Independencia del sistema: La mayoría de las aplicaciones móviles permiten el trabajo en desconexión. Esto es seguir trabajando sin estar conectado al sistema, mediante cargas y actualizaciones de datos, se puede conseguir que equipos de mantenimiento puedan rellenar partes de trabajo en lugares remotos en los que no tienen acceso para más tarde subirlos al sistema.

Un comercial por ejemplo que haya hecho una precarga de datos en su móvil podrá informar al cliente de los productos disponibles aunque en la localización exacta no disponga de conexión.

Probablemente esta característica pueda parecer un pequeño detalle. Pero si consideramos de manera conjunta las posibilidades que ofrece a personas con altos requisitos de movilidad, puede mejorar por si sola de forma notable la eficiencia de una empresa.

Geolocalización: Los sistemas de gestión como el ERP son considerados como transaccionales. Están diseñados para realizar almacenar, gestionar y recuperar información de eventos asociados a  conjuntos de elementos (cuentas contables, unidades en almacén de artículos, etc..).

Las anotaciones de este tipo de sistemas siguen casi el mismo patrón: un ítem asociado a una cantidad, ya sea física o monetaria. Por ejemplo líneas de pedido: 7 unidades de productos X a 5€. También recogen información de tipo texto, como por ejemplo direcciones de envío. Pero por la naturaleza de poco estructurada de esta información hasta ahora era mucho más difícil sacarle partido, como mucho para sacar listados por provincias o localidades.

Gracias a la geolocalización y la utilización de coordenadas espacio temporales todo esto  ha cambiado, cada transacción puede tener asociadas unas coordenadas e incluso estas coordenadas pueden ser registradas en tiempo real. Esto nos permite tener un nuevo nivel de comprensión sobre las operaciones en nuestra empresa al añadir una nueva dimensión a nuestro abanico analítico.

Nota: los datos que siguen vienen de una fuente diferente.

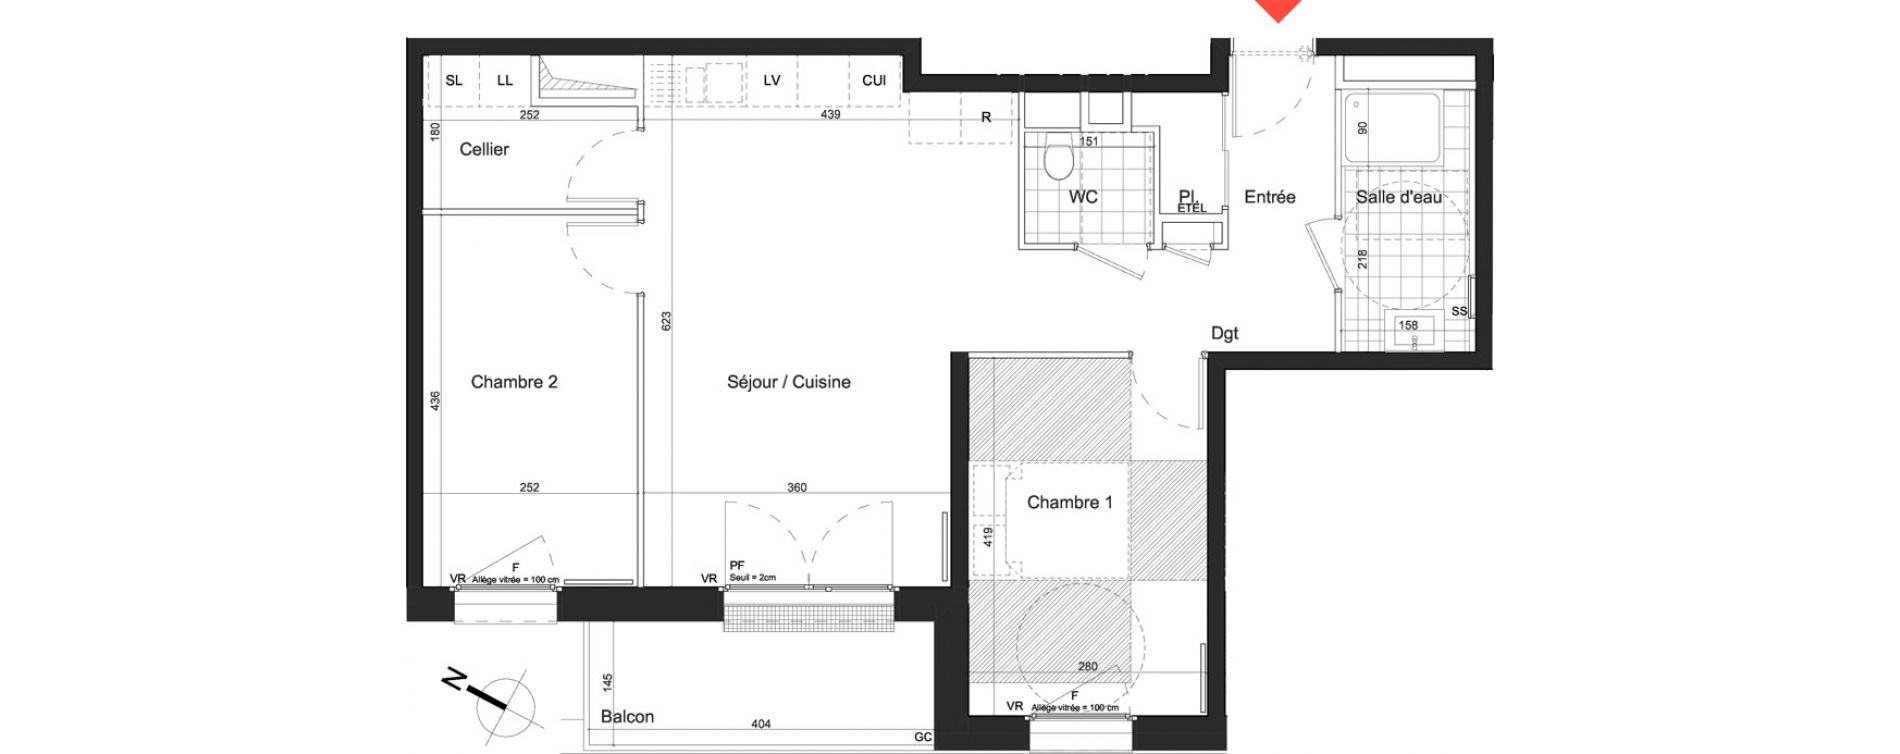 Appartement T3 de 66,64 m2 à Nancy Grand coeur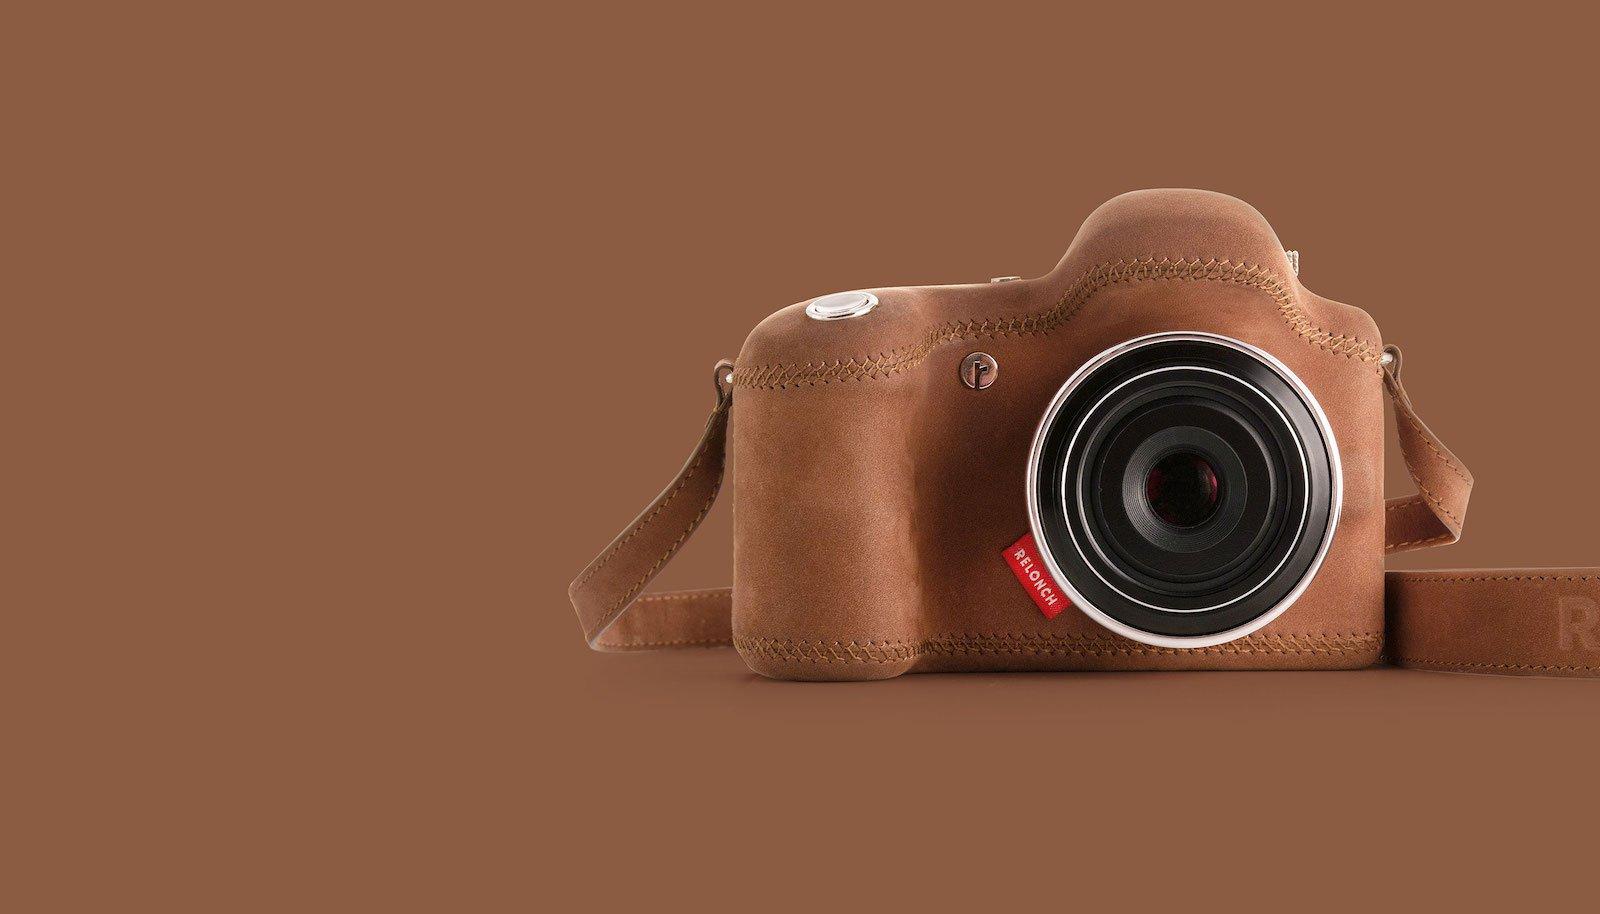 Relonch-камера с матрицей APS-C и несъемным объективом, плюс сервис по обработке и печати снимков

Simplificación para los usuarios: Las aplicaciones móviles suelen cubrir aspectos muy concretos y específicos y están orientadas a roles de usuarios. Al tener un enfoque mucho más específico permiten una experiencia de usuario más compacta y acorde con las tareas que tienen que realizar.

Esto los haces más productivos y reduce la penalización inherente al uso de cualquier tipo de tecnología, que consiste básicamente en los siguientes puntos: entrenamiento necesario para usar la tecnología, tiempo de uso necesario para realizar una determinada acción y coste de oportunidad asociado al tiempo de uso.

Estos son solo algunas líneas generales, la aplicación de ellas variará mucho dependiendo de cada empresa. Hemos querido incluir algunos ejemplos para ilustrar como algunas empresas han sabido aplicar estos principios. Pero para que su empresa sea capaz de sacarle verdadero jugo a las soluciones de movilidad, ustedes tendrán que echarle imaginación y buscar fórmulas únicas y originales para su empresa.